「錢少,這種做法有點損了吧!」郝狀听完錢嘯要求真心覺得太黑暗了!
「她攬著董曉柔不讓找老師,看著米多多被打就不損了?」任遠行很堅定的站在了錢嘯的一邊,「你家都美兒還是不是為了替她出頭才惹禍上身的,可她有出來幫說句話嗎?都美兒已經是炮灰了,你就不想替她好好的出個頭?」
「得!看來你倆又已經商量好了,那我就只有沖鋒陷陣了唄!」郝狀一攤手,擺明了就是兄弟指哪兒他走哪兒的架勢。
啪——啪——
錢嘯和任遠行相視一笑和郝狀來了個兄弟間的擊掌動作,蔡佳艷的下場似乎已經很清晰的擺在眼前了。
錢嘯從任遠行那里回到家已經是晚上十點多了,見父母房間的燈已經關了,錢嘯便自己溜進了廚房。心里一直都惦記著米多多在山里烹飪來了的那些美味,這會兒在鍋里隨便熱一下正好當夜宵了。
「你這個點不睡覺,折騰什麼呢?」听到動靜錢建業走進了廚房,一頭霧水的看著兒子,「你這是餓了,還是晚飯沒吃飽呀!」
「別說我沒想著你,這可是絕對的農家特色小炒,我們都沒舍得扔了,要不要嘗一下?」錢嘯一臉得瑟的勾引著老爸。
「是嗎?」錢建業皺眉,可確實被鼻尖上的香味給誘惑了,「來吧,陪你一起夜宵一下!」
「還是老爸識貨!」錢嘯屁顛顛的把菜盛到了盤子里,至于鍋那是絕對不會再管了。
錢建業從兒子的手里拿過筷子,看著兒子一臉饜足砸吧著嘴,心里各種的狐疑。
「嗯——」終于還是有了行動,當筷子帶著熱好的剩菜進入口中之後,錢建業發出了認可的聲音,「小子,你廚藝長進呀!」
「我哪兒有這兩下子呀!」錢嘯倒是不貪功。
「你們出去野營不都是你下廚嗎?」錢建業蹙眉,只是筷子上的動作一點都沒停。
「那是不堪回首的老黃歷了!」想想自己只會煮面條的功力就覺得日子過的悲催,錢嘯若有所思的搭上了錢建業的肩膀,「爸,有這樣的廚藝當我們老錢的媳婦兒是沒問題的吧!」
「太沒問題了,這水平好像比你媽還高點!」錢建業這是吃人家的嘴軟,就知道一門心思的認可了,只覺得兒子是在探討以後娶媳婦的標準,根本沒和真正的做菜人聯系起來。

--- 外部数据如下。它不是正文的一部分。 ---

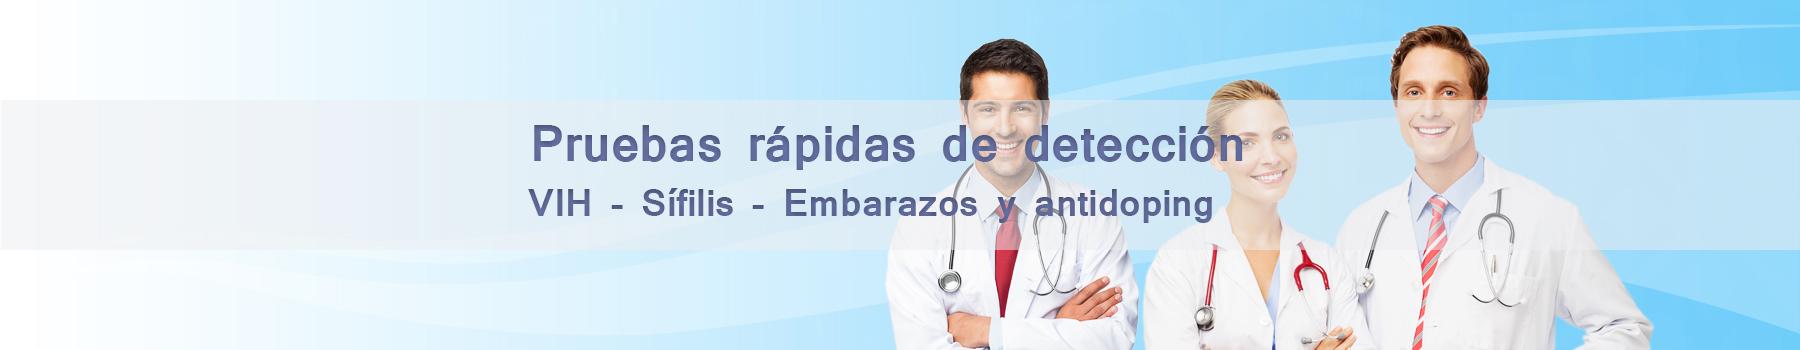 pruebas-rapidas-vhi-cancun2

「有眼光!」錢嘯果斷的給錢建業豎起了大拇指,「你這未來兒媳婦的菜也嘗過了,你有有個什麼事兒你可要照應著點兒了!」
咳咳——
錢建業差點兒沒被嗆死,這小子是存心要算計老子啊!
「您別激動啊!」錢嘯動作麻利給錢建業遞上了水,「這兒媳婦的事兒絕對是以後的,還必須是名牌大學的名牌學生,放心吧,你兒子是絕對有眼光的!」
「嘯嘯,你現在是學生,一切都要以學業為重。只要是有利于學習的事情我和你媽都是不會反對的,要是學習成績下來了,我看什麼都不好說了!」錢建業點到即止的威脅著,可聲音里依舊透著濃濃的父愛。
「明白!」錢嘯說著已經把盤子端了起來。
「去哪?」錢建業對盤子里的菜還有些意猶未盡的感覺。
「吃人家的都不嘴軟,我看你還是去睡覺吧,這點兒都是我的了!」看著老爸筷子不停的飛舞,錢嘯早就心疼了,這可是米多多第一次在他面前展示廚藝,吃一口就少一口了。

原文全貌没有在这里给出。